À partir d’un mythe rapporté par Hésiode (VIIIème siècle avant notre ère), interrogeons la tortue d’Hermès : sa présence créatrice incarne le risque et le pari inespérés d’imaginer une œuvre nouvelle. C’est le premier manuel non écrit sur la pratique musicale occidentale.
1. Pour échapper à l’adversité : abattre la carte de l’inouï
Aussitôt né, Hermès sortit de sa grotte et rencontra sur son chemin une carapace de tortue dont il extirpa le reptile. Il eut alors le coup de génie de la faire sonner et résonner : «Hermès est le premier qui fabriqua une tortue qui chante. Il se trouva nez à nez avec elle à la porte de la cour, comme elle broutait la bonne herbe juste devant la maison, marchant à petit pas» (Hésiode, Hymne IV à Hermès, v. 25-28)
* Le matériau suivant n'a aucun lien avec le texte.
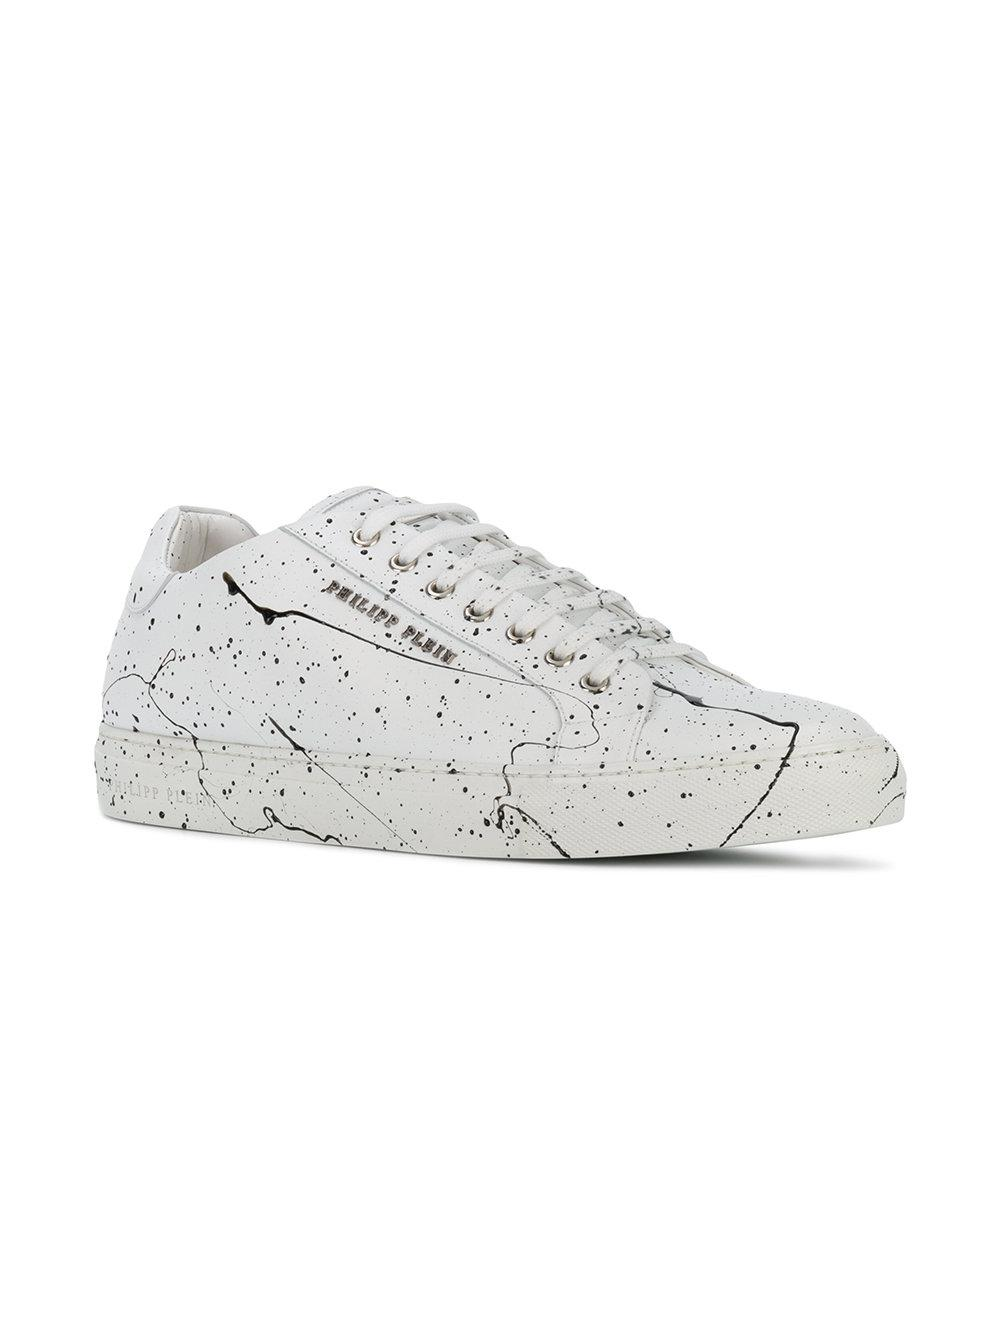 Philipp Plein paint splatter-effect sneakers for sale wholesale price UVpdO9vV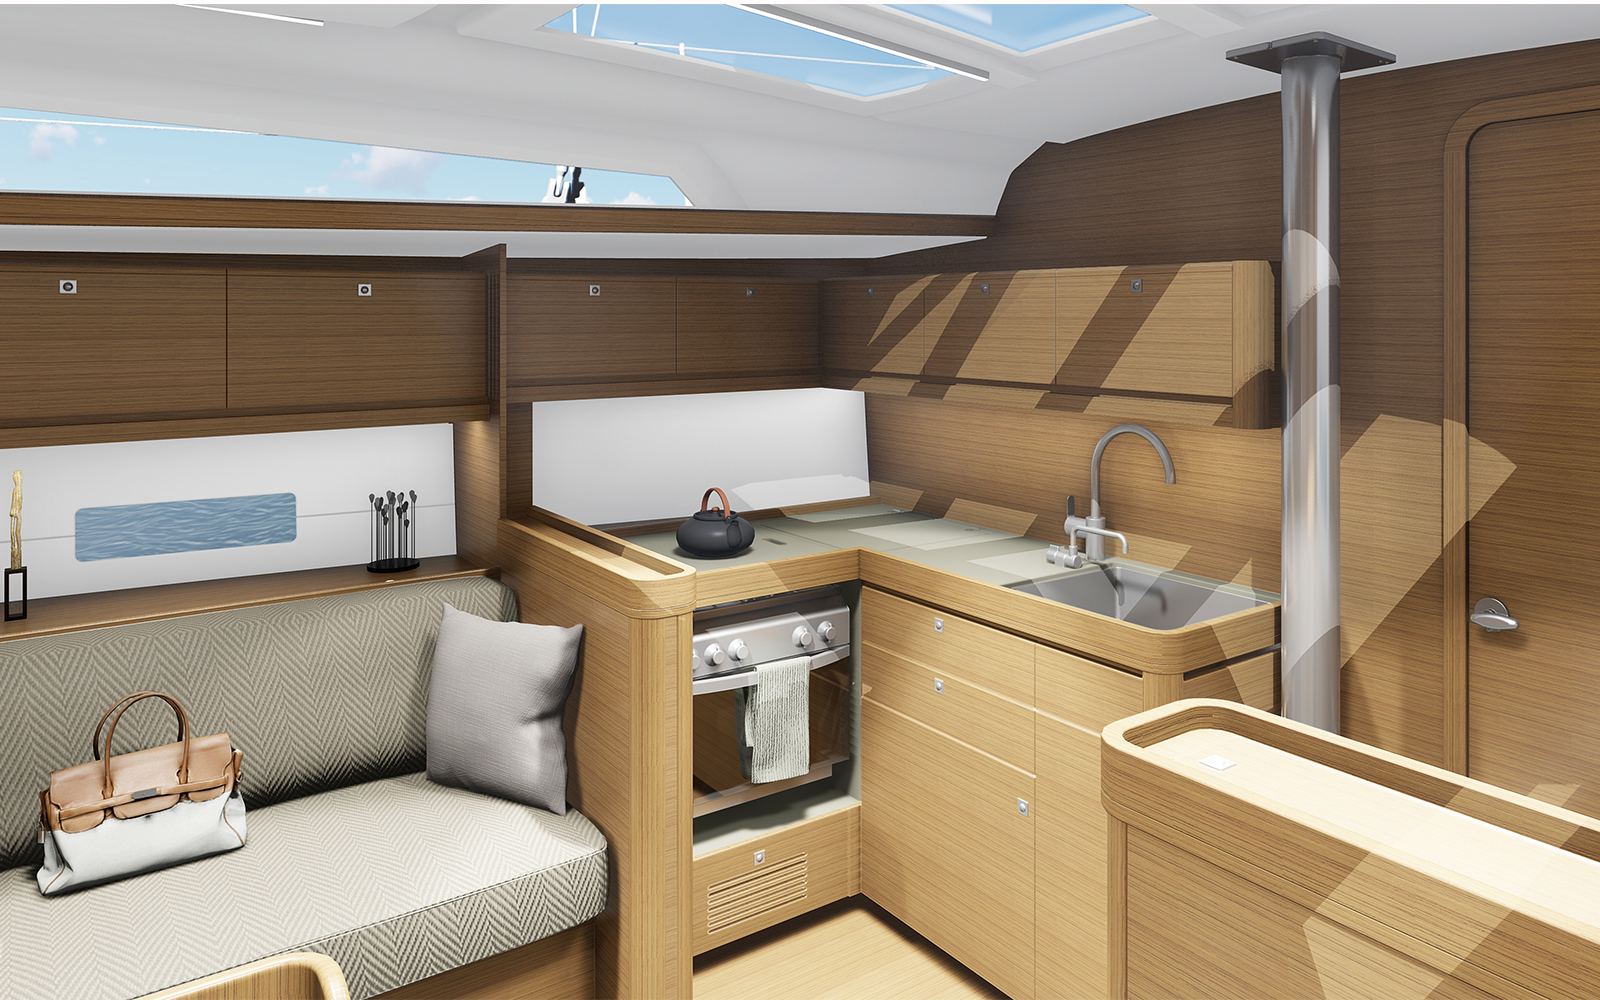 Modelo 4 - Boat Shopping

Entre-temps, Hermès cause un grave préjudice à son frère Apollon, qui veut le tuer tant il est furieux. Voici comment Hermès va déjouer sa vengeance : il lui joue de son instrument de musique. La musique adoucit instantanément Apollon, il est envoûté. Le son suave qu’Hermès extrait habilement de son instrument le séduit et l’apaise. Apollon en oublie sa rage. Il demande alors à Hermès de lui donner son instrument pour que lui aussi puisse en jouer.
2. Tout est déjà dans l’instrument
Quand Hermès tend à Apollon cette carapace de tortue qui chante, il l’informe : «Moi, je ne veux pas t'empêcher de pénétrer les secrets de mon art. Tu sauras tout dès aujourd’hui». Mais aussitôt après il se ravise, arguant que le savoir qu’il détient est déjà dans l’instrument. Hermès : «Je l’ai bien compris moi-même : tu es riche de savoir. Il ne dépend que de toi d’apprendre ce qui te fait envie. […] Je vais te donner [l’instrument] ; toi, mon ami, donne-moi la gloire. Chante, prends dans tes bras cette amoureuse à la voix claire. […] Si quelqu’un qui est instruit l’interroge comme il faut, avec art, avec sagesse, elle dira mille choses qui feront plaisir à l’esprit ; elle voudra bien qu’on la touche avec de douces caresses. Elle n’aime pas que l’on peine à la tâche, et si quelqu’un, un ignorant, l’interroge d’abord avec brutalité, alors elle ne dira rien que des paroles en l’air. Il ne dépend que de toi d’apprendre ce qui te fait envie». (Hésiode, Hymne IV à Hermès, v. 464-465 et 473-488) Et Apollon de créer des hymnes qui vont le distinguer, notamment durant sa joute musicale avec Marsyas.
*
Ce propos est le premier texte occidental qui pose la question de l’enseignement de la composition et l’envie d’en maîtriser les outils. Cette sensibilité à l’inouï manifeste l’énergie créatrice primordiale qui transforme nos oreilles d’albâtre.